• _Task brief_
Every line of the listing should be retyped exactly, but none of the pictures should be.

• _Information provided_

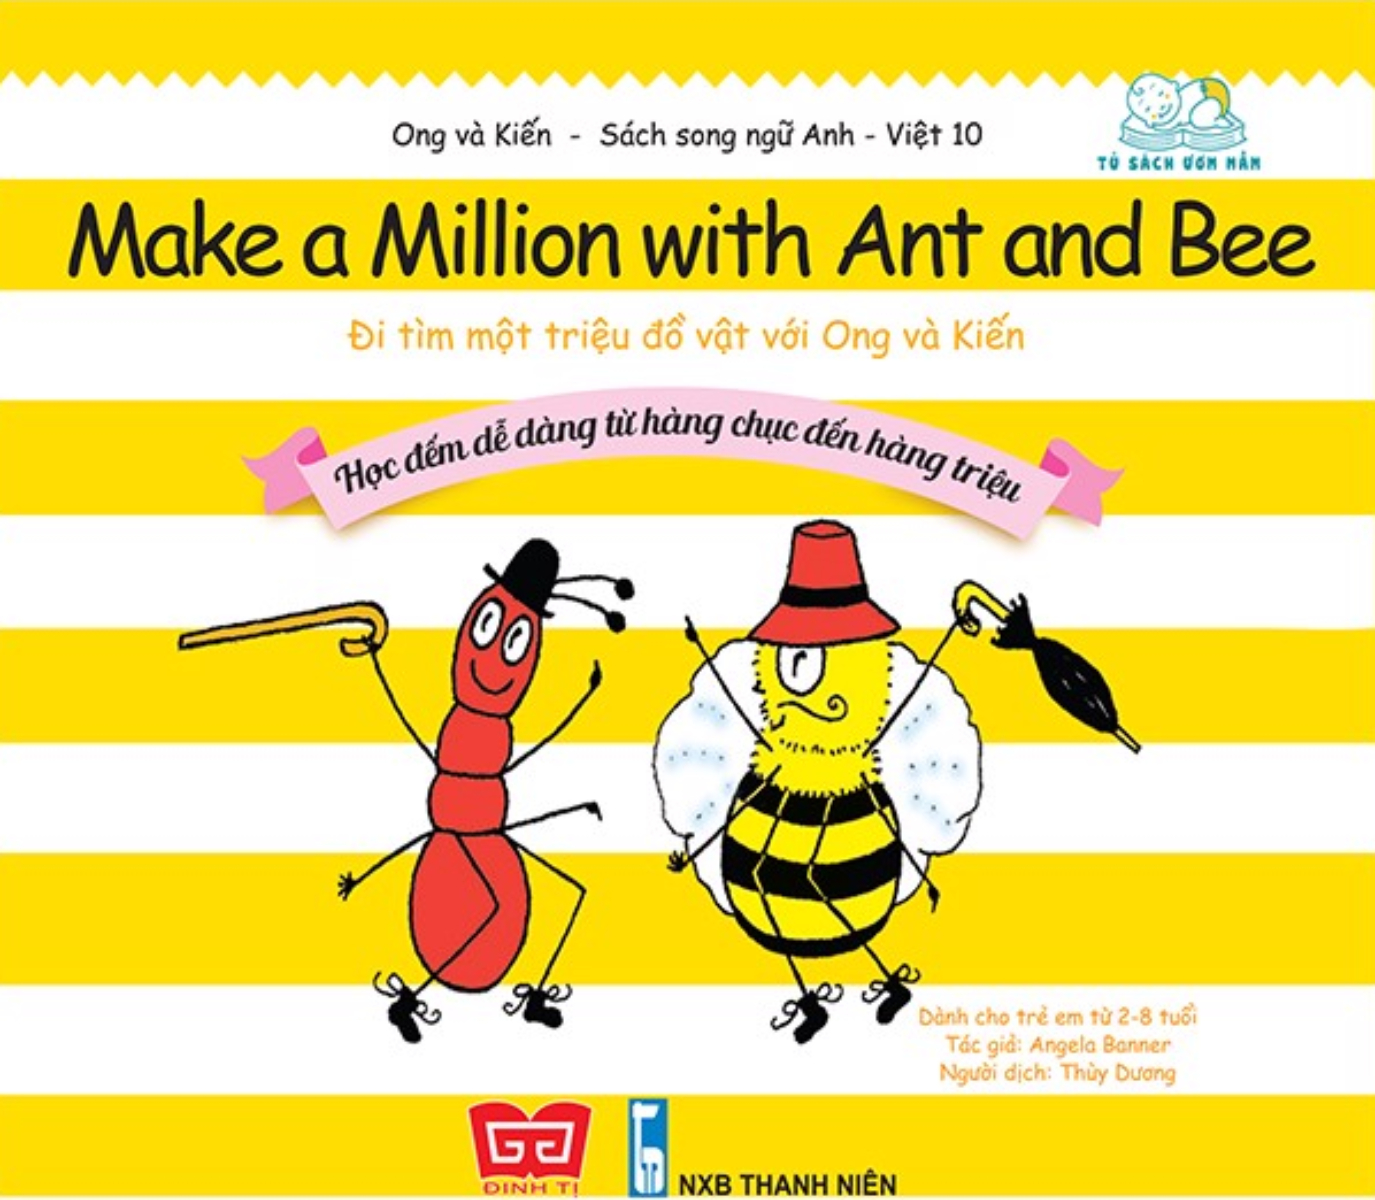 ONG VÀ KIẾN - TẬP 10 - MAKE A MILLION WITH ANT AND BEE - ĐI TÌM MỘT TRIỆU ĐỒ VẬT VỚI ONG VÀ KIẾN - HỌC ĐẾM DỄ DÀNG TỪ HÀNG CHỤC ĐẾN HÀNG TRIỆU_DTI
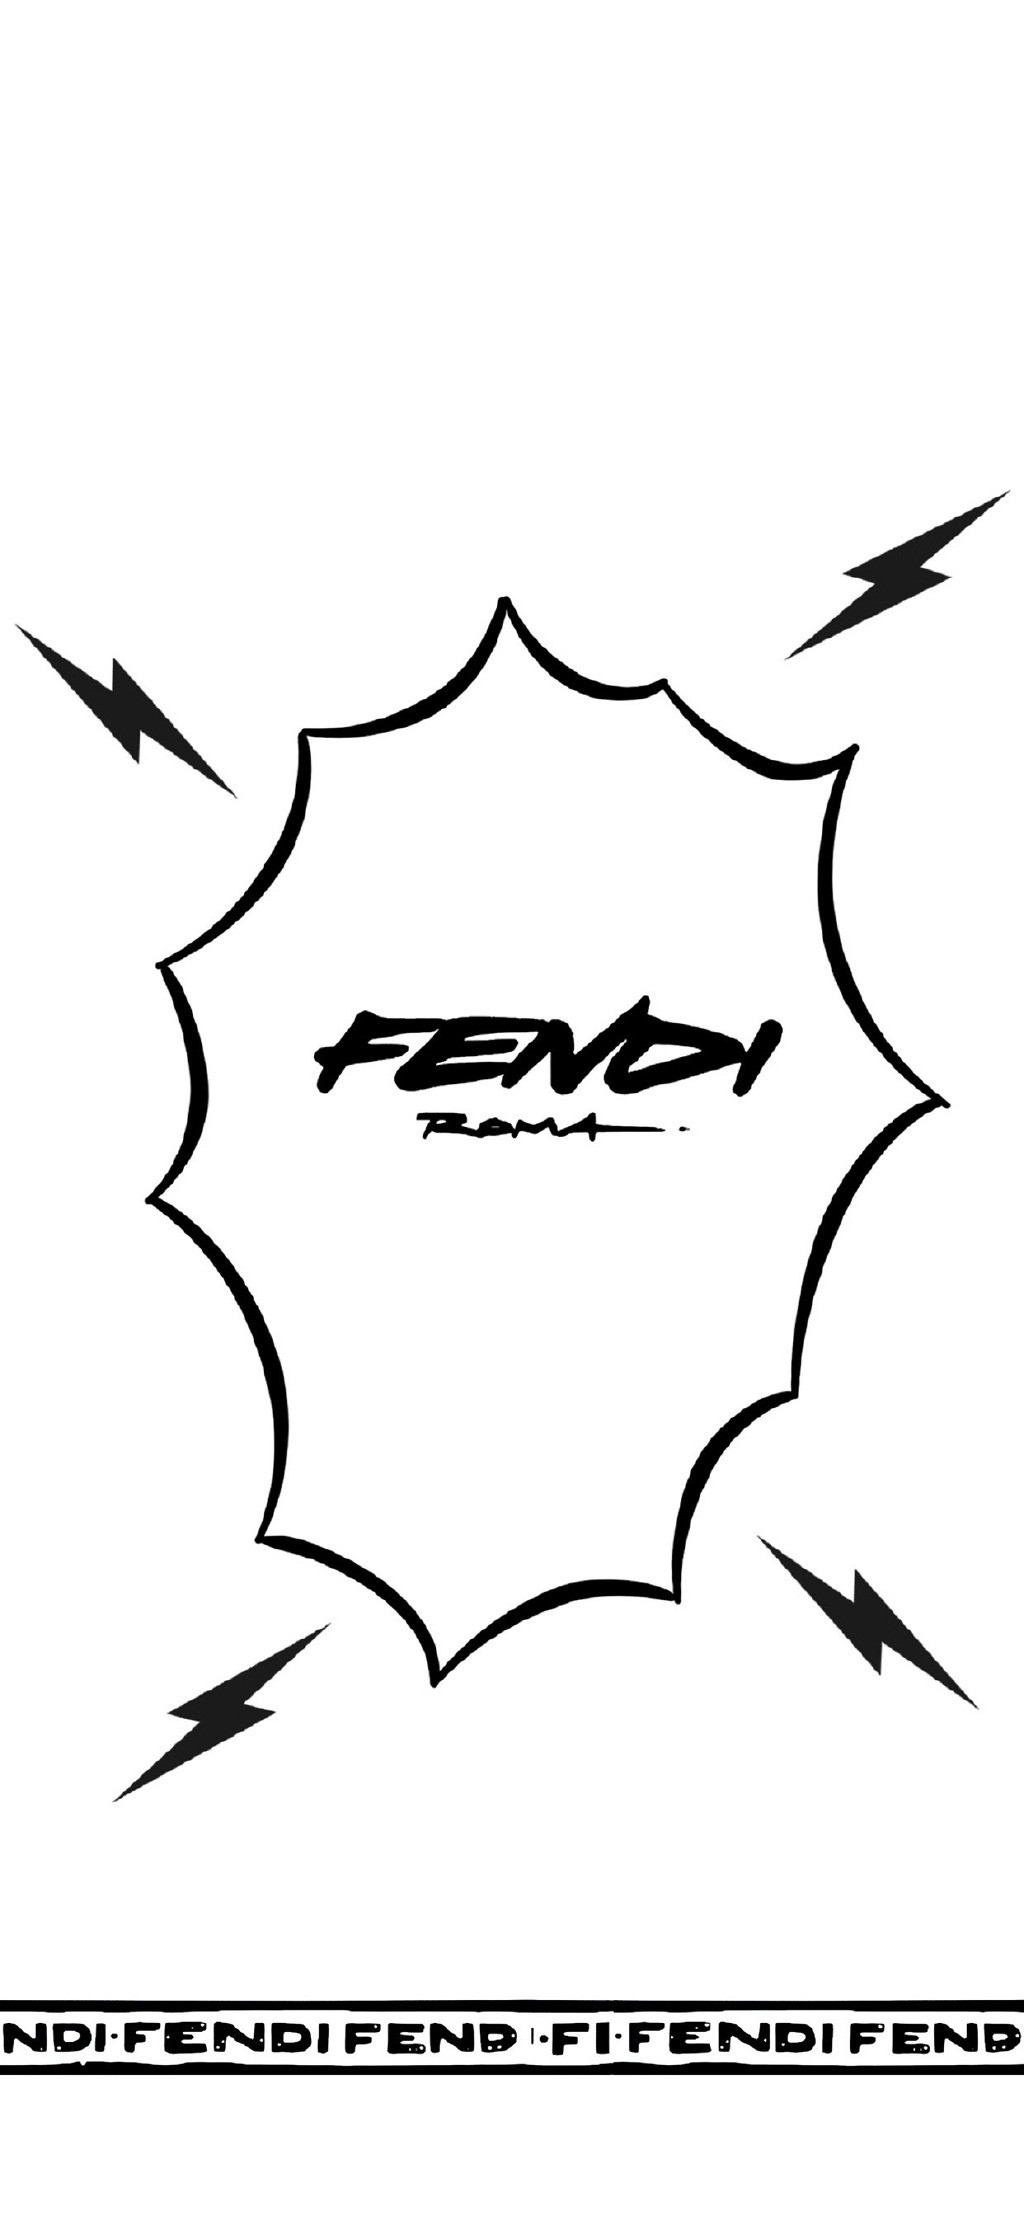 Fendi创意潮流个性高清手机壁纸
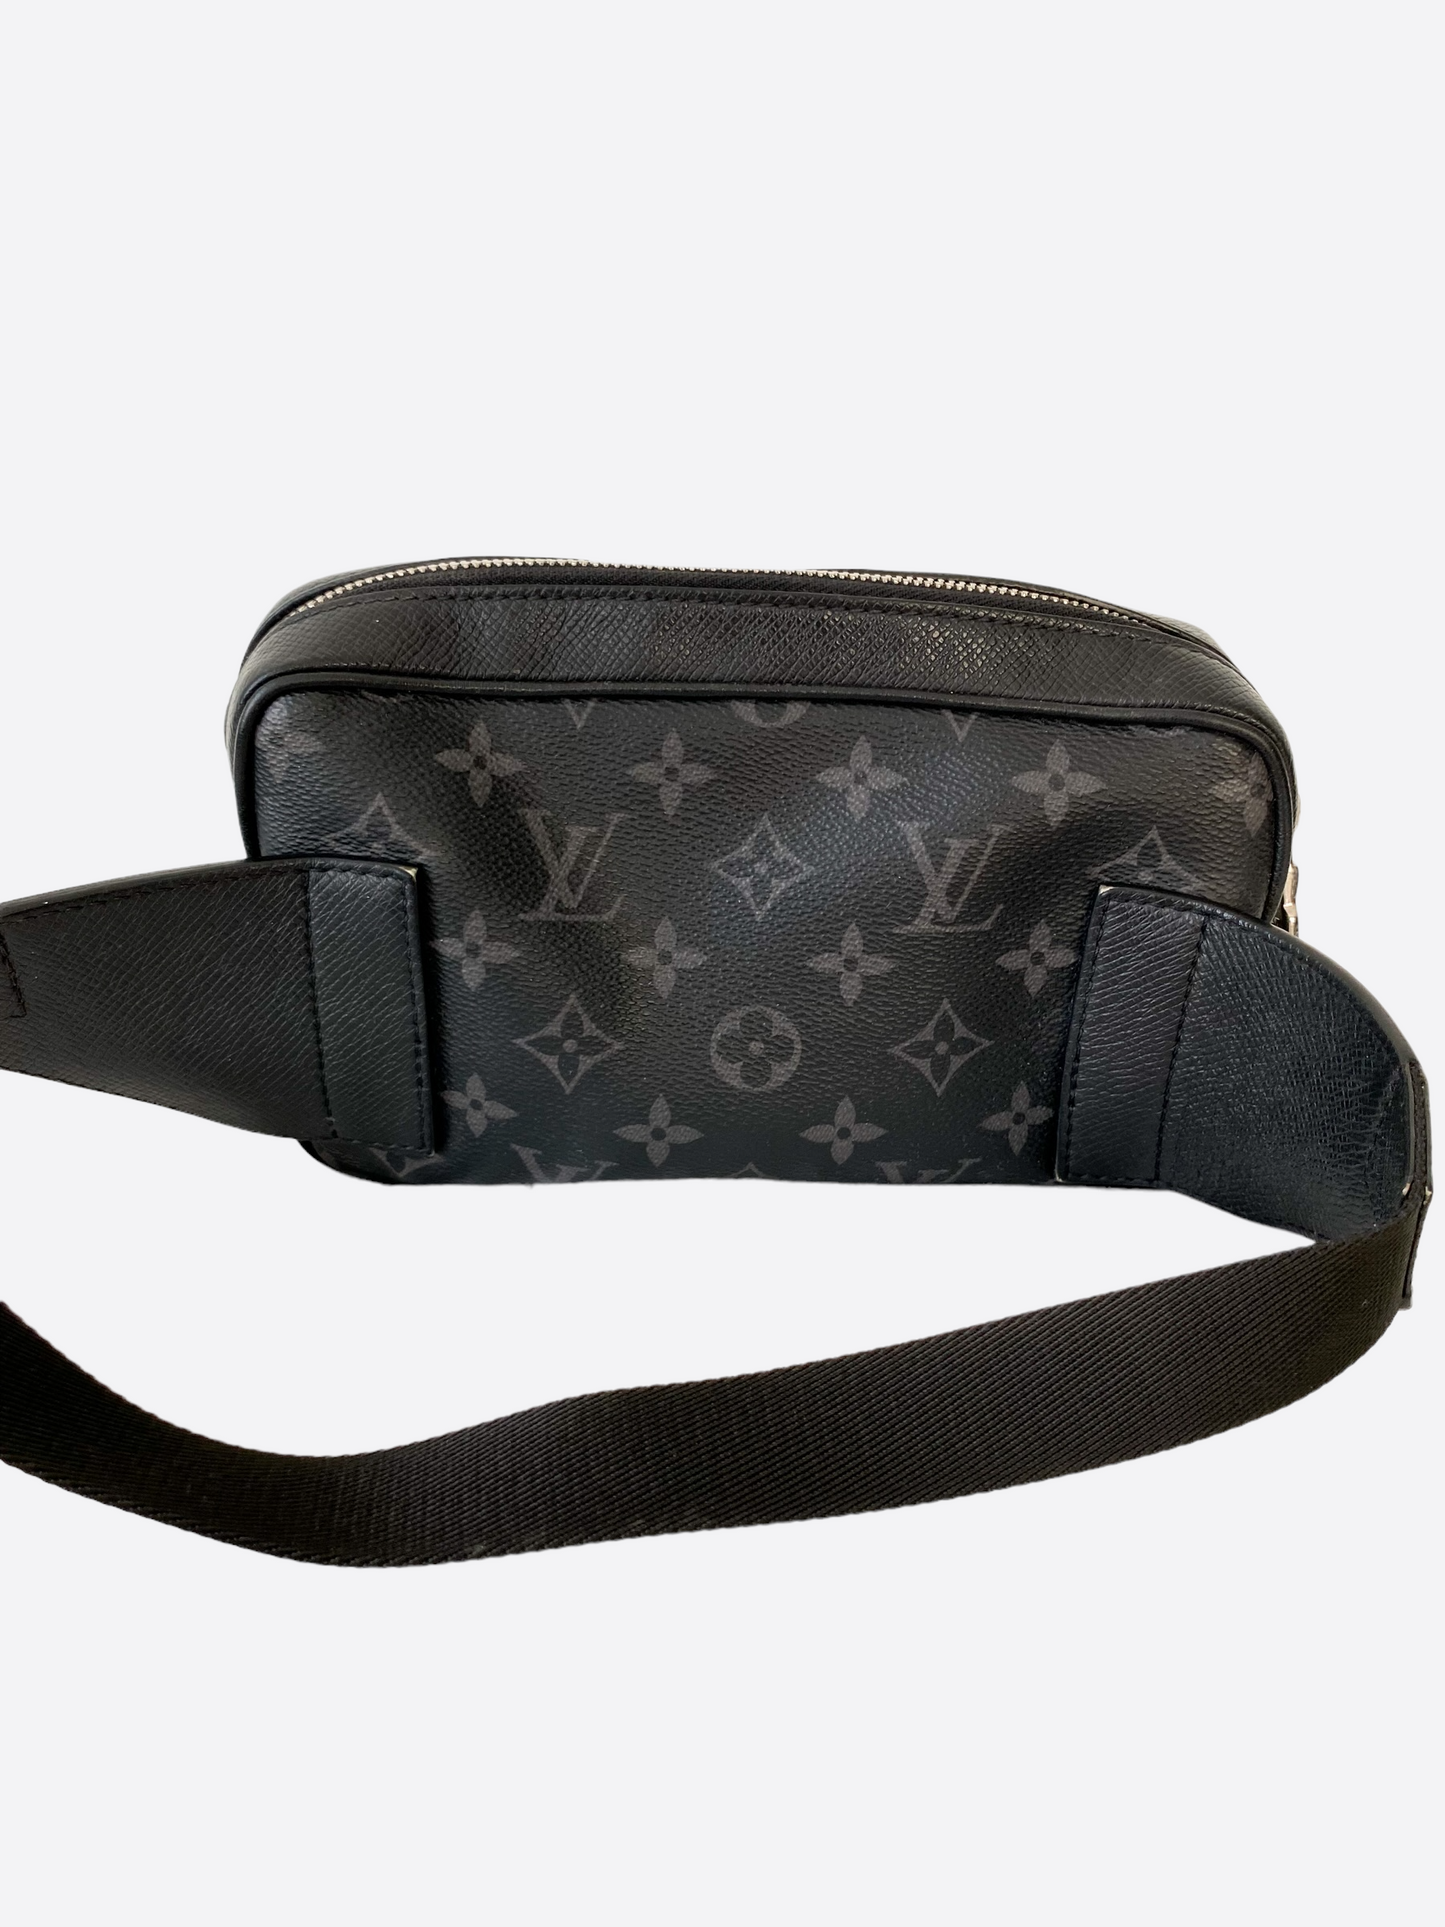 Louis Vuitton® Golf Bag Eclipse. Size
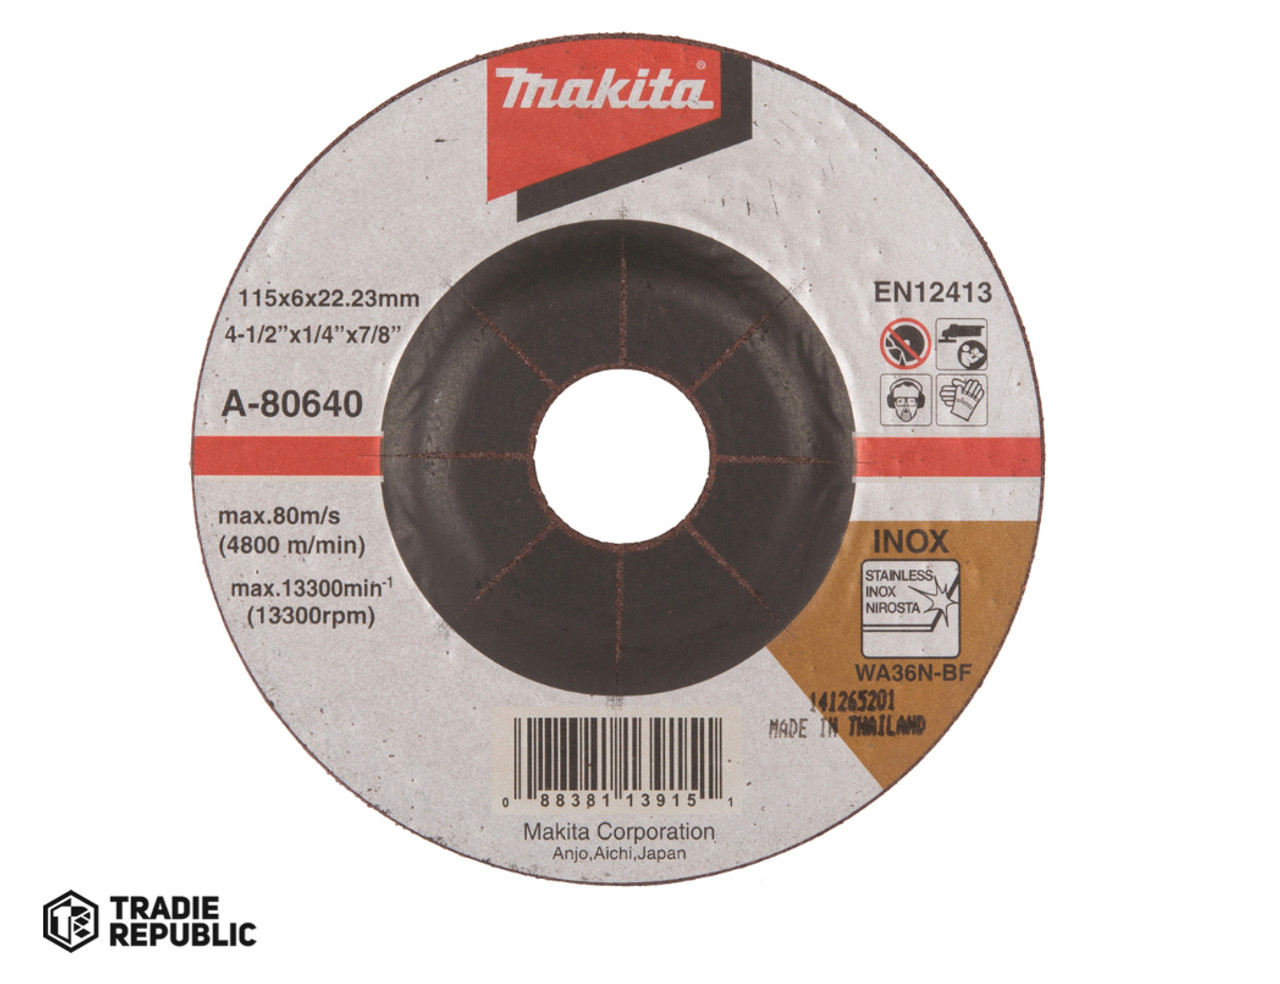 A-80640 Makita Grind Disc 115X6X22.23mm Inox

• _Task result_
 ONG VÀ KIẾN - TẬP 10 - MAKE A MILLION WITH ANT AND BEE - ĐI TÌM MỘT TRIỆU ĐỒ VẬT VỚI ONG VÀ KIẾN - HỌC ĐẾM DỄ DÀNG TỪ HÀNG CHỤC ĐẾN HÀNG TRIỆU_DTI
 Fendi创意潮流个性高清手机壁纸
 Louis Vuitton® Golf Bag Eclipse. Size
 A-80640 Makita Grind Disc 115X6X22.23mm Inox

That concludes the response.